また、特許文献1には、各層の接着性・密着性、具体的には塩化ビニル層と塩化ビニリデン系樹脂層との密着性、あるいはポリエチレン層と塩化ビニリデン系樹脂層との密着性を改善するためのアンカーコート層として、アルキルチタネート系、ポリイソシアネート系、およびアルキレンイミン系のアンカーコート剤を用い得ることが記載されている。当該文献の実施例では、ポリイソシアネート系のアンカーコート剤が用いられた。
PTPは、例えば、透明シートを加熱し、圧空成形、真空成形等を施すことでカプセルや錠剤等の固形物を収納するポケット部を形成し、次いでポケット部にカプセル等を収納し、例えばアルミ箔等の引裂・開封が可能な材質の箔やフィルムを蓋材として貼り合せて一体化した包装を指す。
例えば、特許文献2には、ポリ塩化ビニル系樹脂(A)からなる層(i)、及び、ポリ塩化ビニリデン系樹脂(B)からなる層(ii)を、層(i)/層(ii)/層(i)の順に積層してなり、所定の吸光度比を有する材料を用いたPTP用多層シートが開示されている。当該文献には、塩化ビニル層と塩化ビニリデン系樹脂層との接着性向上のため、アルキルチタネート系化合物、ポリイソシアネート系化合物、ポリアルキレンイミン系化合物、ポリウレタン系樹脂等のアンカーコート剤を用い得ることが、記載されている。
しかし、PTP用多層シートにおいて、ポリ塩化ビニル系樹脂層とポリ塩化ビニリデン系樹脂層との接着性向上のためにアンカーコート剤としてポリウレタン系樹脂を用いた場合には、多層シートの加熱成型または多層シートと金属箔との一体成形の際や、多層シート成型後の経時劣化(特に常温以上での保管による劣化など)により黄変が生じるという不都合があることが分かった。
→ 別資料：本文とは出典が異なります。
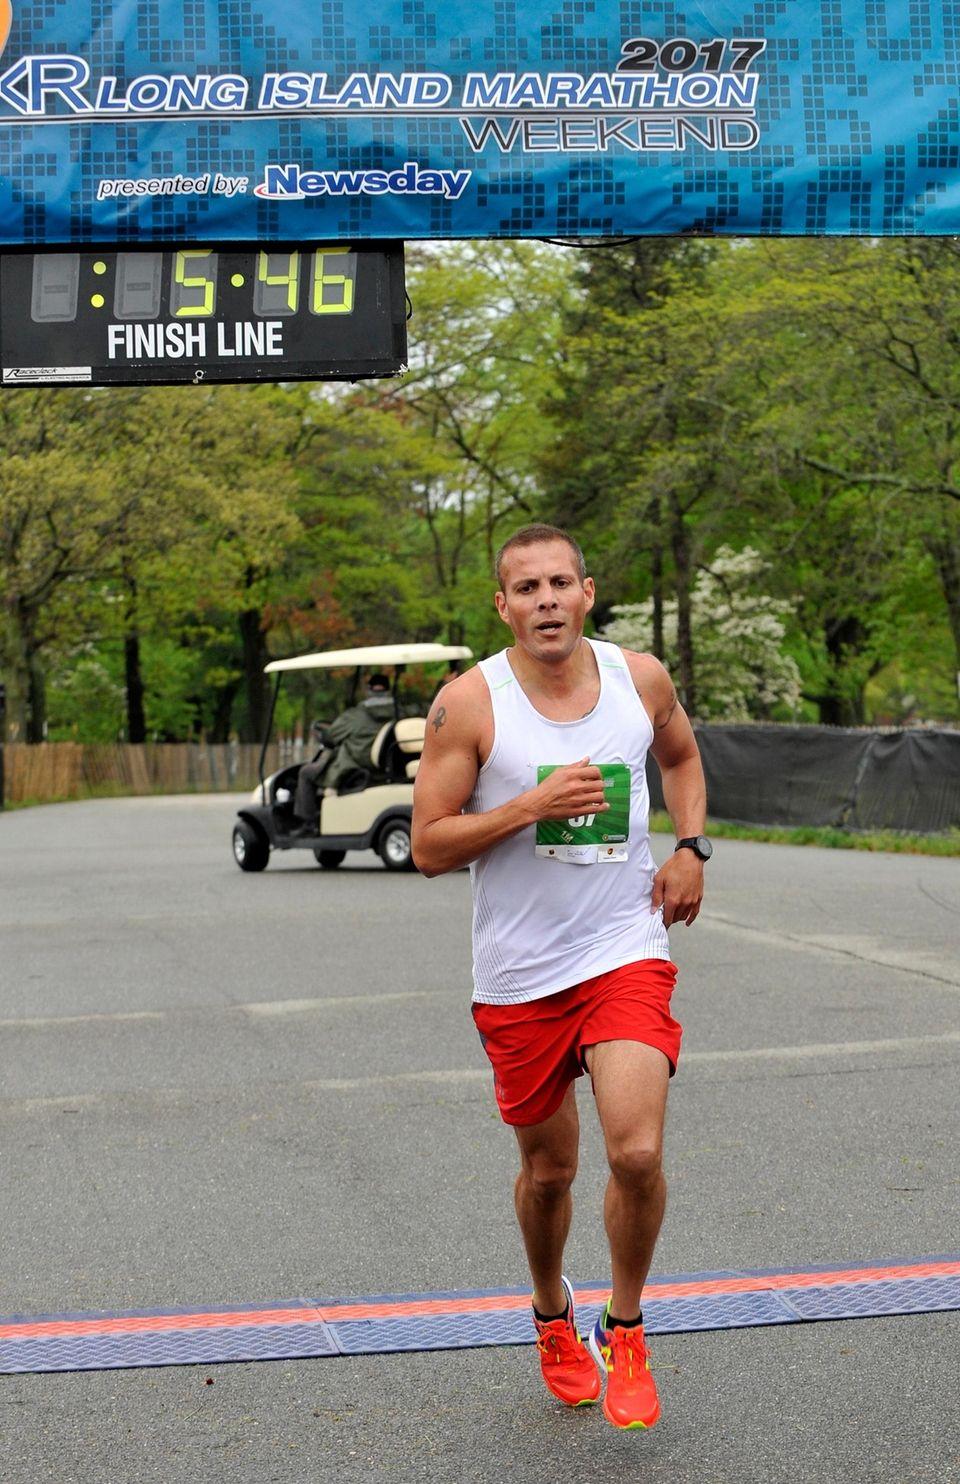 Jason Ramirez, of Wantagh, crosses the finish line

このような黄変はポリエステルやポリオール等からなる主剤とイソシアネートからなる硬化剤との反応によりポリウレタンを生成する際にわずかに残留したイソシアネートや、ポリウレタン生成後に分解することでわずかに生成したイソシアネートが水分と反応してアミンが生成し、ポリ塩化ビニルまたはポリ塩化ビニリデンにこのアミンが作用して脱塩酸し、分子中に二重結合が形成されるためであると考えられる。
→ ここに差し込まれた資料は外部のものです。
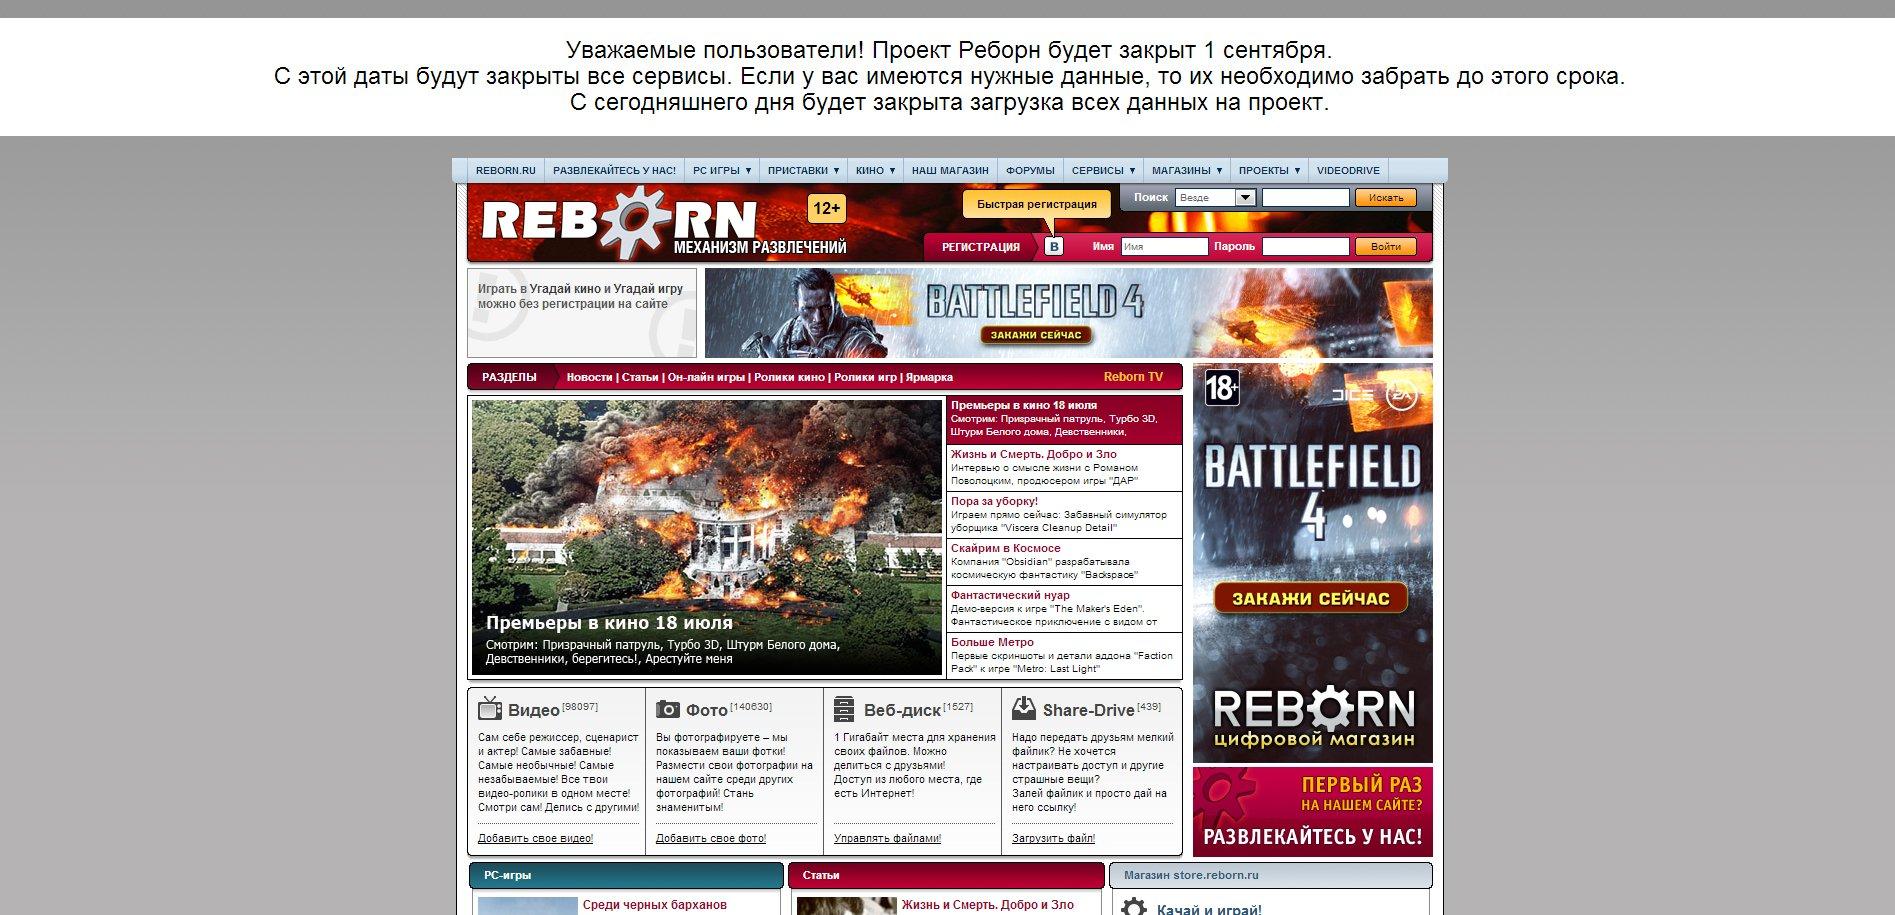 Hearst Shkulev digital закроет портал Reborn.ru - Изображение 1

また、本発明の更なる課題は、耐黄変性に優れ、残留溶剤の含有量が小さく、かつ非常に高いバリア性(酸素/水蒸気に対する)を有する、新規なPTP用多層シートを提供することである。
[1].
水性分散体(L)を含む第1の層(L1)を介して、ポリ塩化ビニル系樹脂(A)を含む第1の層(A1)とポリ塩化ビニリデン系樹脂(B)を含む第1の層(B1)とを積層してなるPTP用多層シートであって、この水性分散体(L)は、オレフィンと不飽和カルボン酸またはその無水物とから形成されたポリオレフィン共重合体の樹脂粒子を含み、このポリオレフィン共重合体の全構成モノマーに対する不飽和カルボン酸またはその無水物の含有量が0.01~5質量%であり、この樹脂粒子の数平均粒子径が1μm以下であり、且つ不揮発性水性化助剤を実質的に含まない、上記PTP用多層シート。
[2].
前記ポリ塩化ビニリデン系樹脂(B)の1046cm-1/1070cm-1の吸光度比から求められる相対結晶化度が1.45以上である、上記[1]項に記載のPTP用多層シート。
[3].
更に、ポリエチレン系樹脂(C)を含む内部補強層(C1)を含み、
この内部補強層(C1)は、前記水性分散体(L)を含む第2の層(L2)を介して、前記ポリ塩化ビニリデン系樹脂(B)を含む第1の層(B1)に積層されており、
ポリ塩化ビニル系樹脂(A)を含む第2の層(A2)またはポリ塩化ビニリデン系樹脂(B)を含む第2の層(B2)が、前記水性分散体(L)を含む第3の層(L3)を介して、前記内部補強層(C1)に積層されている、上記[1]または[2]項に記載のPTP用多層シート。
[4].
更に、ポリエチレン系樹脂(C)を含む内部補強層(C1)を含み、
この内部補強層(C1)は、前記水性分散体(L)を含む第2の層(L2)を介して、前記ポリ塩化ビニリデン系樹脂(B)を含む第1の層(B1)に積層されており、
ポリ塩化ビニリデン系樹脂(B)を含む第2の層(B2)が、前記水性分散体(L)を含む第3の層(L3)を介して、前記内部補強層(C1)に積層されており、
ポリ塩化ビニル系樹脂(A)を含む第2の層(A2)が、前記水性分散体(L)を含む第4の層(L4)を介して、前記ポリ塩化ビニリデン系樹脂(B)を含む第2の層(B2)に積層されている、上記[1]または[2]項に記載のPTP用多層シート。
[5].
前記ポリエチレン系樹脂(C)が、0.91~0.93g/cm3の密度、ならびに、190℃および2.16kg荷重で測定された3g/10分以下のメルトマスフローレート(MFR)を有する低密度ポリエチレンであり、かつ
前記内部補強層(C1)の厚みが15~80μmである、上記[3]または[4]項に記載のPTP用多層シート。
[6].
医薬品包装用である、上記[1]~[5]項のいずれか1項に記載のPTP用多層シート。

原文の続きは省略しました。